As informações contidas nesse livro são um mero detalhe. Ele é lindo e muitíssimo bem acabado. Tem capa dura, é impresso em papel couché brilhante com fotos escolhidas a dedo que receberam uma camada de verniz UV por cima, dando um brilho especial em alguns pontos da fotografia (quem mexe com projetos gráficos sabe que isso tem que ser feito na unha). O encadernamento é feito em costura de muuuuitos cadernos, já que o livro tem um total de 888 páginas.
Cada país tem direito a duas páginas duplas. Na primeira entram as fotos, e na segunda, as informações. Contém uma breve sinopse sobre o país, a melhor época para se visitar, as experiências que não podem ser deixadas de lado, dicas de livro, música, filme e comida relacionados com o país, um resumo do país em uma palavra, os trademarks e as "surpresas" que o país guarda (normalmente alguma coisa que você só encontra ali,  como por exemplo no Brasil eles falam do Candomblé e Iemanjá).

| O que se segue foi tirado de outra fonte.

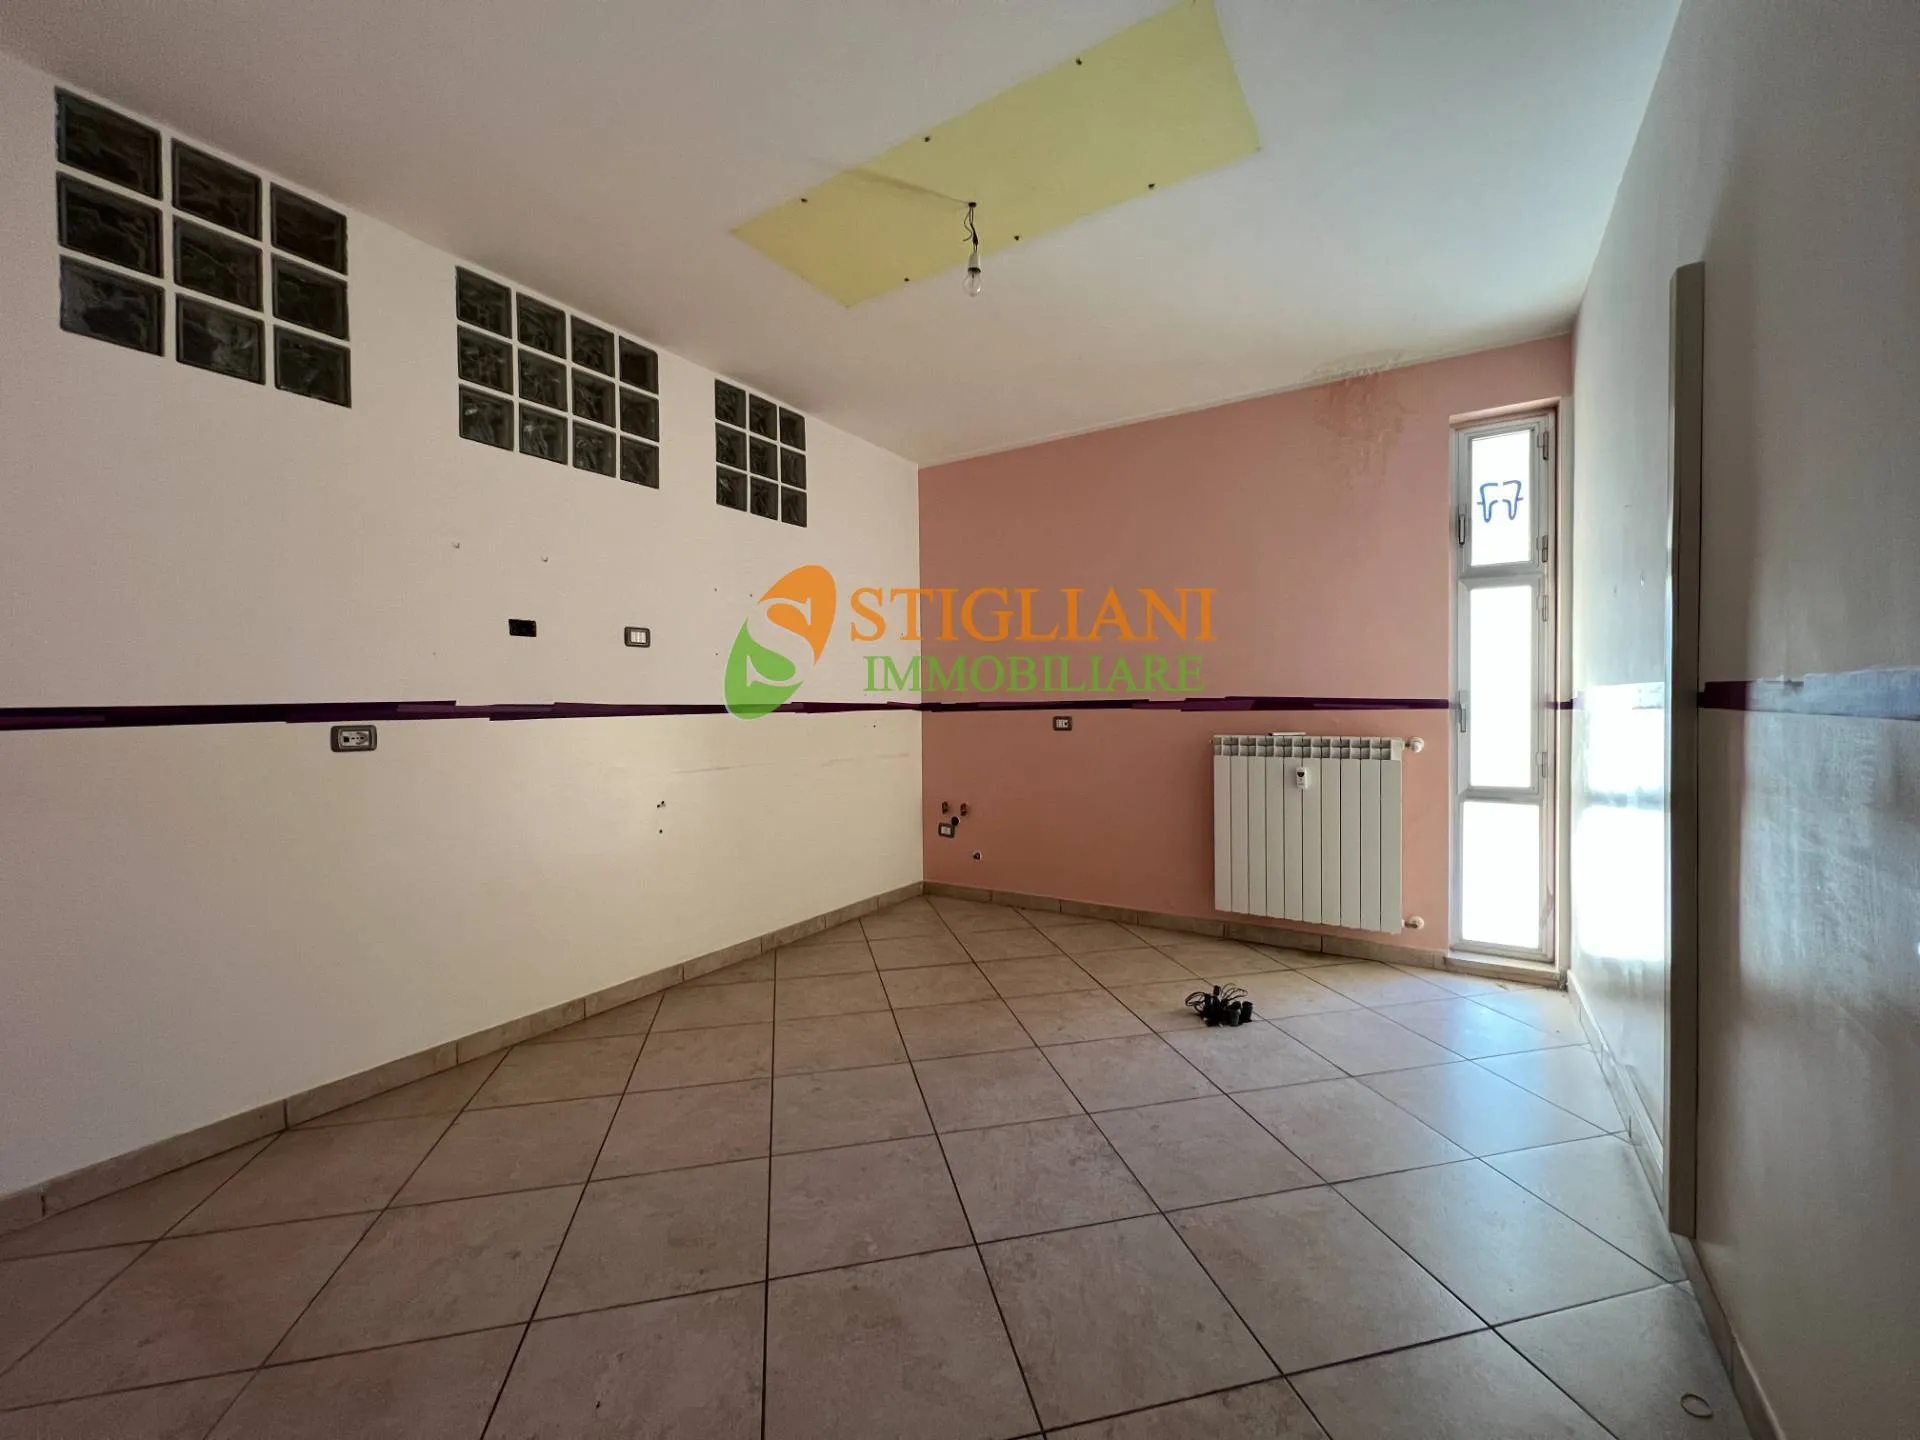 Immagine per Appartamento in vendita a Campobasso Traversa via Duca Degli Abruzzi

Não é nenhum guia turístico. Serve como curiosidade, ou, o que eu achei mais interessante no livro, é pra saber a melhor época de se visitar determinado país. Mas sinceramente, com a beleza que esse livro tem, dá vontade de visitar todos!

Informações sobre preços, não vou postar aqui. Tendo sido um presente, pretendo não descobrir quanto custou. Mas se eu não me engano ele veio da Fnac. Não deve ser um livro difícil de encontrar.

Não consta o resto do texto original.